By Thalia Ortiz
Correspondent
With the transmission of AIDS/HIV on the rise in recent years, this week’s Brown Bag series focused on an unconventional way to foster sexual education. “Sex and Video Games: Promoting Health in a Fun Way” ran on Friday, Oct. 7. in Mayo Concert Hall.
Leslie Snyder, a professor and director of the Center for Health Communication and Marketing at the University of Connecticut, spoke about her time at the school working with colleagues studying AIDS and HIV in the United States. Snyder learned that poor African Americans are statistically at a greater risk for contracting AIDS/HIV. Teens and young adult men are at an even greater risk and typically transmit the virus to women through heterosexual contact, she said. “You grew up in an environment with AIDS,” Snyder said to the audience.
While information on AIDS and HIV prevention is readily available to students on college campuses, Snyder explained that it is unfortunately less readily available to people of lower economic standing. An important goal is to spread awareness of this health issue.
“Nobody is trying to do things with these men because it’s difficult to communicate with them,” she said.
Snyder went on to explain that she and her colleagues asked themselves, “Where can we find a media channel that can reach a whole lot of people?” The answer, they found, was in video games.

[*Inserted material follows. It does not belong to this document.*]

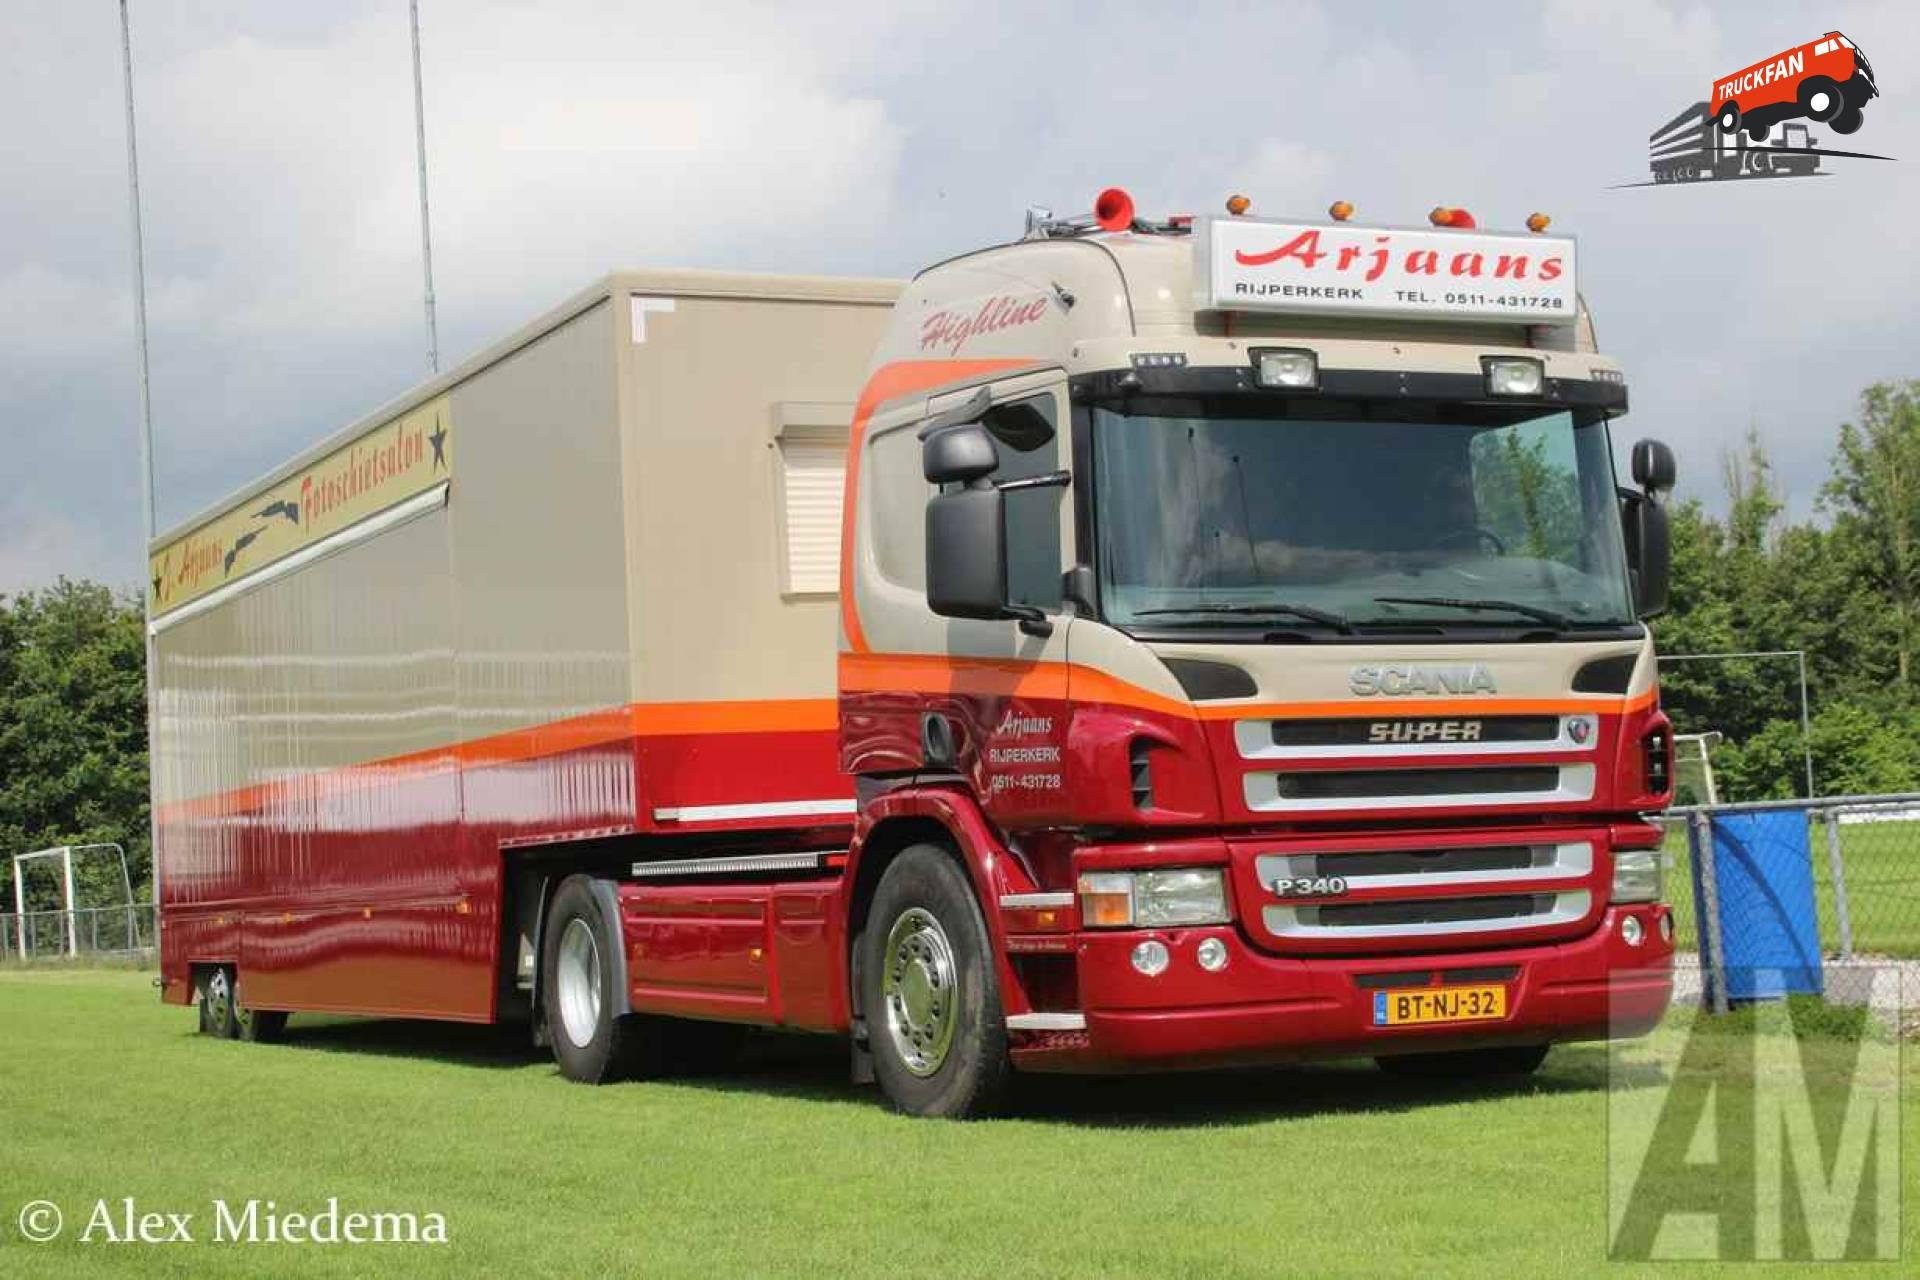 Scania P340

Data showed that in this demographic of African-American men, three quarters of them played video games on a daily basis, while half of adult African-American men played games, Snyder said.
Projects like this always have leaders, but over 75 people had a hand in this one, she said. Snyder and her team went to work asking people from what channel they would want to get their sexual education, and video games was the answer given by men across the board.
The advantage of video games is that it models and shows positive behaviors, she said. Snyder explained that players would learn by role-playing and problem solving within the game.
The issue with this, however, was that the game needed to have a specific goal. When referring to the target audience of campaigns like this, Snyder explained, “I always tell my clients, ‘What are your behavioral goals? What do you want (people) to do?’ ” Snyder and her team then decided that they wanted their target audience to use condoms to reduce the risk of spreading HIV/AIDS and get tested for STI’s (sexually transmitted infections).
Developing the game became the next step, and Snyder and her team networked with leaders in the game industry. One requirement of the project was that the game had to be compatible to play on a computer that was seven years old in order for people from a lower economic background to be able to play, since they would likely own an outdated PC, she said.
Snyder then presented a preview of the actual game, called “Nightlife,” to the audience. Because it is geared toward men, "Nightlife" begins with a male avatar. This avatar is an aspiring DJ and the objective is to lead him through levels where he has an opportunity to have sex with one of three female characters in each level of the game.
Depending on what choices players make in the game, they may or may not have sex. If they choose to have sex with a condom, for instance, the avatar must go to a store and select the condom. If the wrong condom is selected, like lambskin (since it is not an effective material for protection), players do not get what Snyder calls the “benefits” of making progress in the game.
“We had guys motivated, saying, ‘Oh, oh, we gotta get some condoms to advance,'” she said.
According to Snyder, “Nightlife” was tested by an online panel of young African-American men who were given the game for three days, during which the game was played an average of two-and-a-half times. The panel showed even better results once they were asked to play the game again over a three-month span, where they played it between 10 and 100 times, she said.
Snyder explained that positive effects were seen, such as an increase in the number of people who wanted to get tested for STI’s and HIV and a rise in condom usage in the real world, she explained.
“We need to do more research … I would like to do a second round in the game,” she said. In terms of what can be expected in a possible subsequent version of this game, Snyder mentioned that she would like to release an edition of “Nightlife” targeted toward women.